We are the Systems Neuroscience & Artificial Intelligence Lab (SNAIL) at the University of Washington, aka "Golub Lab". Our research focuses on the intersection of neuroscience and machine learning. We develop computational models and tools for understanding how single-trial neural population activity drives our abilities to generate movements, make decisions, and learn from experience.
Our Research
Machine learning for neuroscience
Probabilistic latent variable models, deep neural networks, and other optimization-based frameworks. How can we use tools like these to extract meaning from recordings of large neural populations? What new statistical techniques are needed to design the most efficient experiments and the most interpretable models for testing hypotheses about neural computation?

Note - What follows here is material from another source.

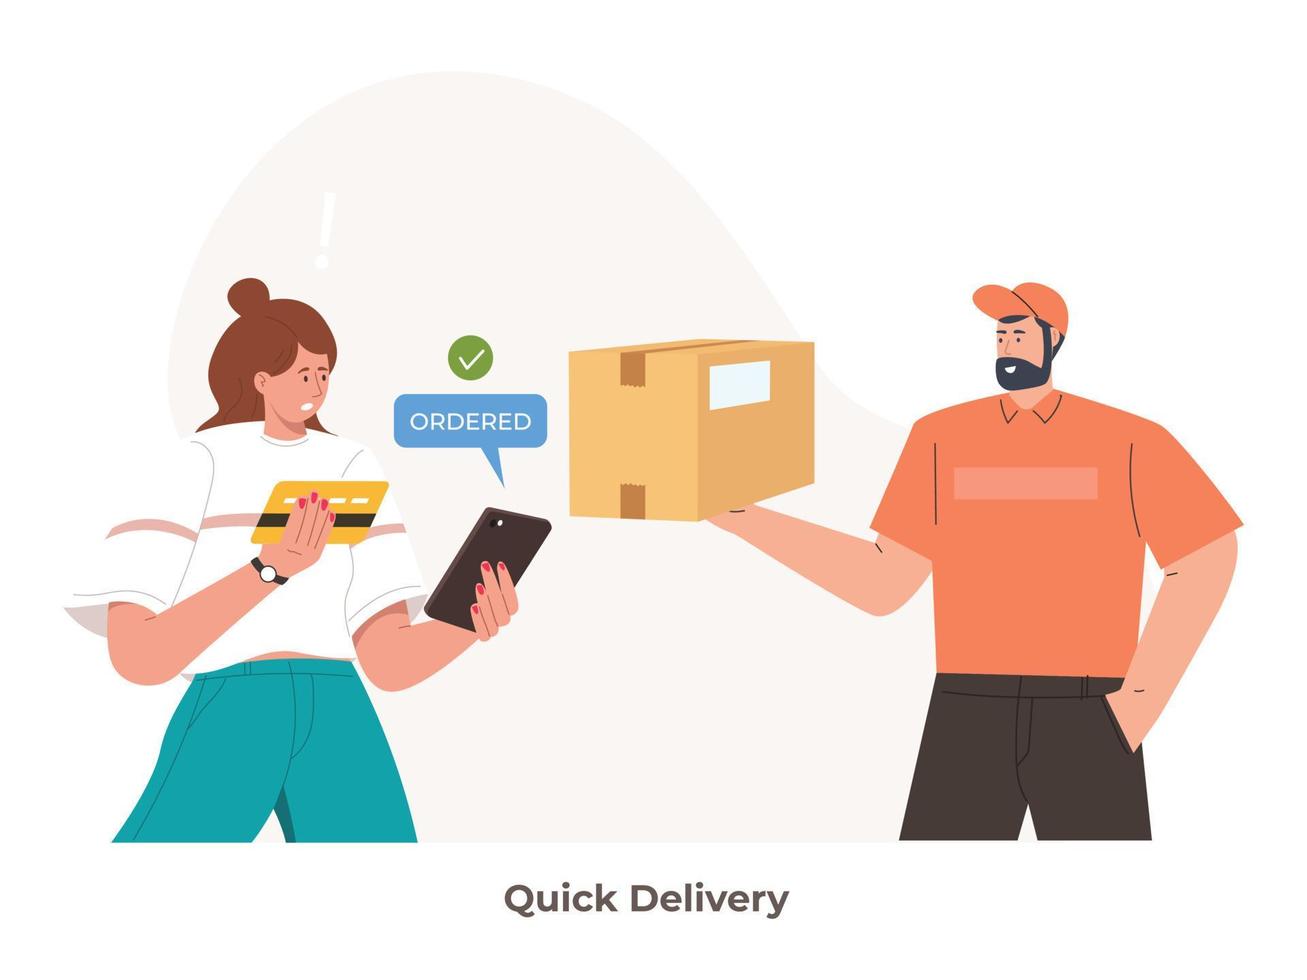 una persona entrega rápidamente un paquete o una pizza. entrega urgente de alimentos y compras en línea. concepto de entrega rápida vector

Population-level changes in neural activity during learning
How do populations of neurons change their joint patterns of activity during learning? What are the population-level mechanisms driving those changes, and what are the brain's learning rules that update synaptic strengths? What are the limitations of these mechanisms, and how can we overcome those limitations to facilitate faster learning to higher levels of proficiency?
Decision making and motor control
How do populations of neurons generate decisions based on context and noisy sensory evidence, and how do these decision-making processes flexibly interlace with the action selection and execution processes that they inform?
Brain-computer interfaces (BCIs)
BCIs translate intracortical recordings into signals for driving prosthetic devices, such as robotic limbs or computer cursors. We focus on using BCIs as a powerful testbed for basic neuroscientific discovery.